I started out googling solutions for specific websites. If someone else has already figured it out, why not use their code as a starting point? Luckily, I found a blog post that has a solution for scraping LinkedIn jobs, so I decided to try this approach out and see what data I could get back.

How to Scrape LinkedIn Legally

Without going too much into detail (you can read the whole thing in the link above), I created a new node project and started playing around. As it turns out, this solution worked very well! So, in this approach, we use cheerio and axios to access the public LinkedIn jobs page. From there, we check the network tab and look for the network request that LinkedIn uses to load more jobs when you scroll down the page. We can use the request URL and create a for loop that loops over the pages of jobs, 25 posts at a time. Here is an example of the URL I ended up using:

for (let pageNumber = 0; pageNumber < 250; pageNumber += 25) {
    const url = `
        https://www.linkedin.com/jobs-guest/jobs/api/seeMoreJobPostings/search
        ?keywords=Javascript
        &location=Stockholm%2C%2BStockholm%2BCounty%2C%2BSweden
        &locationId=&geoId=100907646
        &f_TPR=r604800&f_PP=103264854
        &f_WT=1%2C3&f_JT=F&start=
        ${pageNumber}
    `;

    // DO SCRAPING HERE
}

As you can see, the URL contains my keywords and the location followed by some codes representing LinkedIn's search filters. In my case, it filters based on when the job was posted and if the jobs should be sorted by date or relevance. This url will change depending on what search filters you set on the jobs page. We will send one request for every iteration, and in my case, I noticed that LinkedIn started complaining after too many requests, so I decided to limit the number of pages scraped to 10 (250/25), whereas in the original article, that number is 40 (1000 / 25). This makes more sense since I'm only searching for recently posted jobs, and searching 40 pages is a bit too much.

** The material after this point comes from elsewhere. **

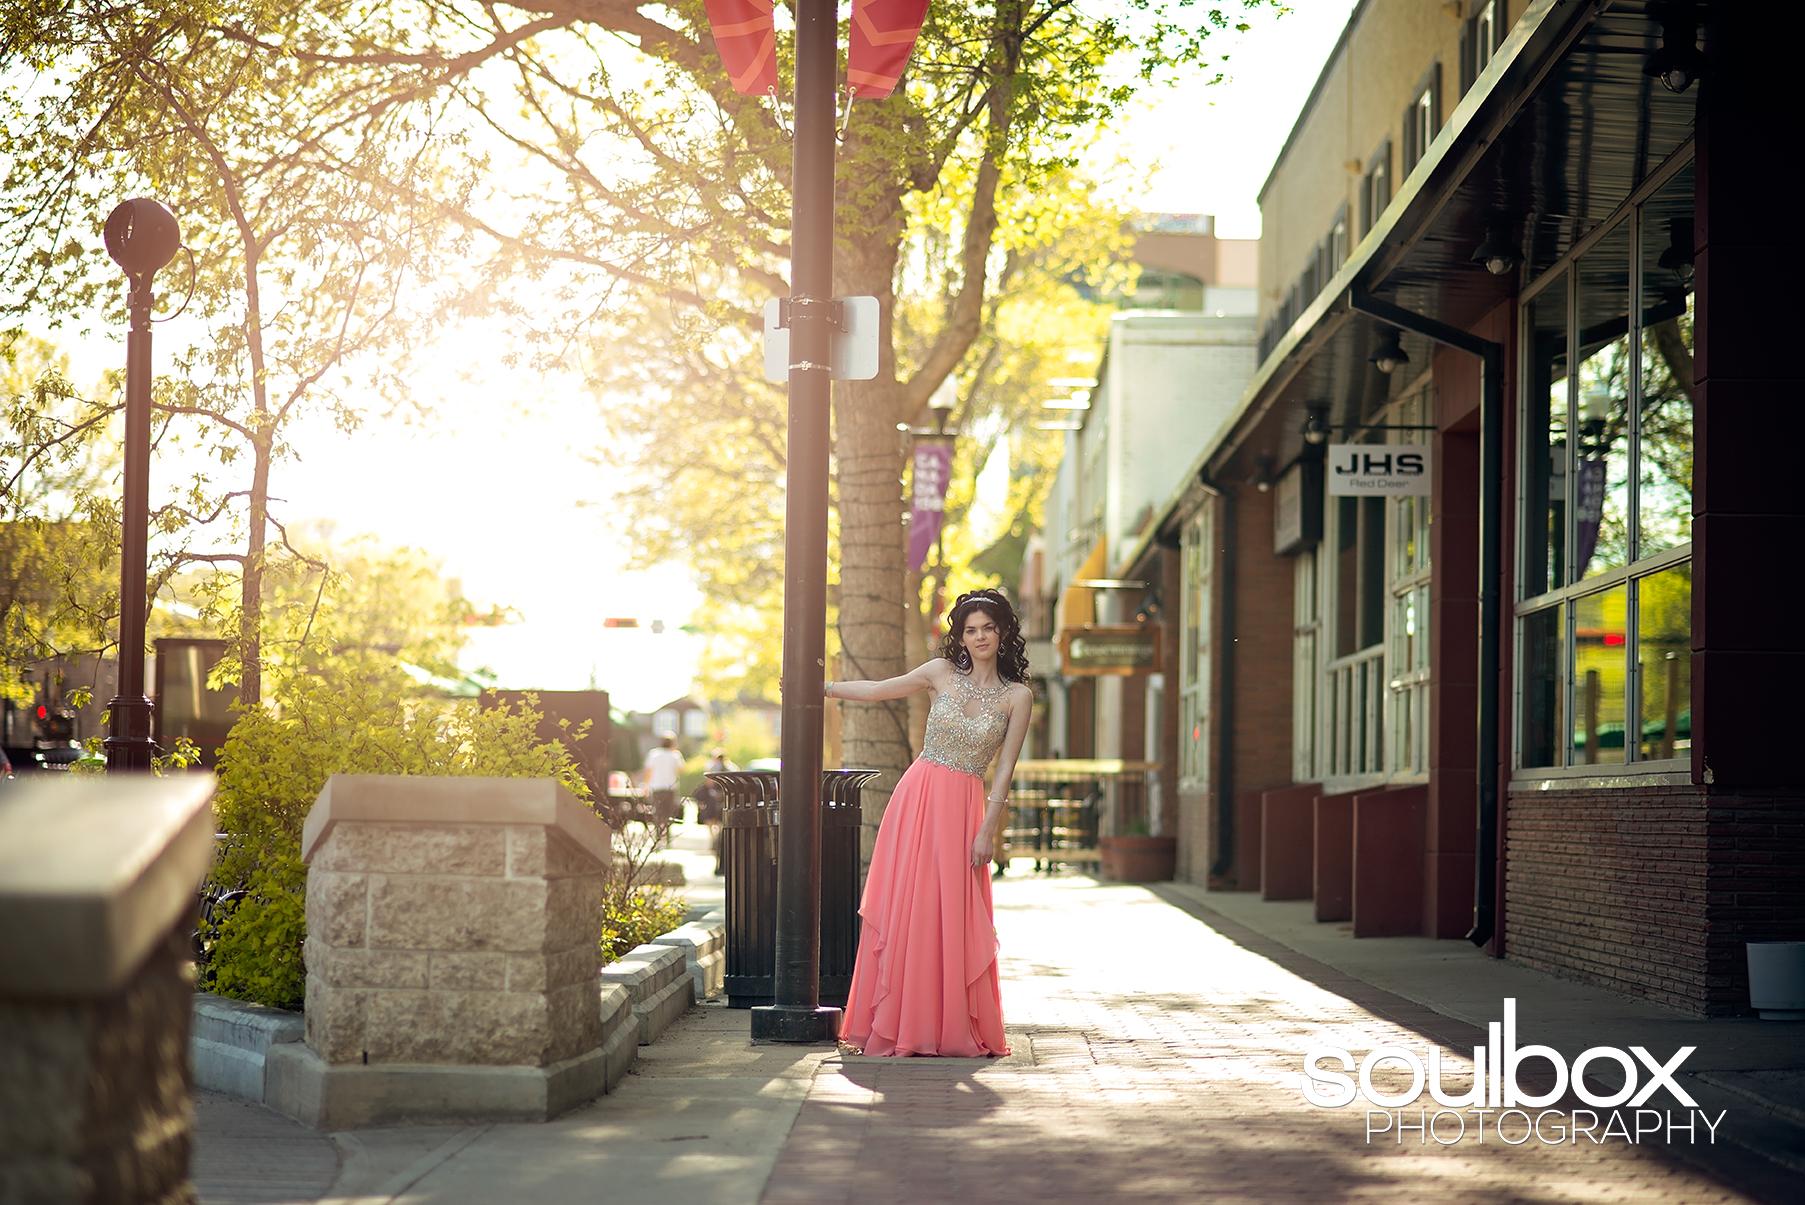 Soulbox Photography Graduation Photography

From here, I used axios to fetch the pages and cheerio to get the page contents. I then extracted the relevant information like Title, Date, Link, Company and sent it back as a JSON response. Nice, all done, right? Wrong.

I quickly noticed that the jobs that were being returned are not necessarily relevant to me. I got quite a few jobs that ask for DevOps, Java developers, Backend engineers, etc. On top of this, the sorting is not right, and I get back some duplicates if the jobs were posted multiple times. I created a few functions to solve this:

const jobHasRelevantWordsInTitle = (title: string): boolean => {
    // ADD MORE KEYWORDS HERE IF NEEDED

    const wordsToCheck = [
        'Frontend',
        'Front end',
        'Javascript',
        'Typescript',
        'React'
    ];

    const wordsToExclude = [
        'Backend',
        'Junior',
        'Lead',
        'Devops',
        'C#',
        '.NET'
    ];

    const containsRelevantKeyWord = wordsToCheck.some((word) =>
        title.toLowerCase().includes(word.toLowerCase())
    );

    const doesNotContainExcludedWord = wordsToExclude.every(
        (word) => !title.toLowerCase().includes(word.toLowerCase())
    );

    return containsRelevantKeyWord && doesNotContainExcludedWord;
};

I simply created a function that checks every item of the returned array for relevant and irrelevant keywords and only returns the ones that I'm interested in. This worked perfectly! Now I just had to remove the duplicates:

const removeDuplicates = (
    array: Job[],
    key1: string,
    key2: string
): Job[] => {
    const uniqueCombinations = new Set<string>();

    return array.filter((item) => {
        const combination = `${item[key1]}|${item[key2]}`;
        return (
        !uniqueCombinations.has(combination) &&
        uniqueCombinations.add(combination)
        );
    });
};

This function checks for items that has the same values based on the parameters provided. In my case I used "Title" and "Comapny". So far, so good!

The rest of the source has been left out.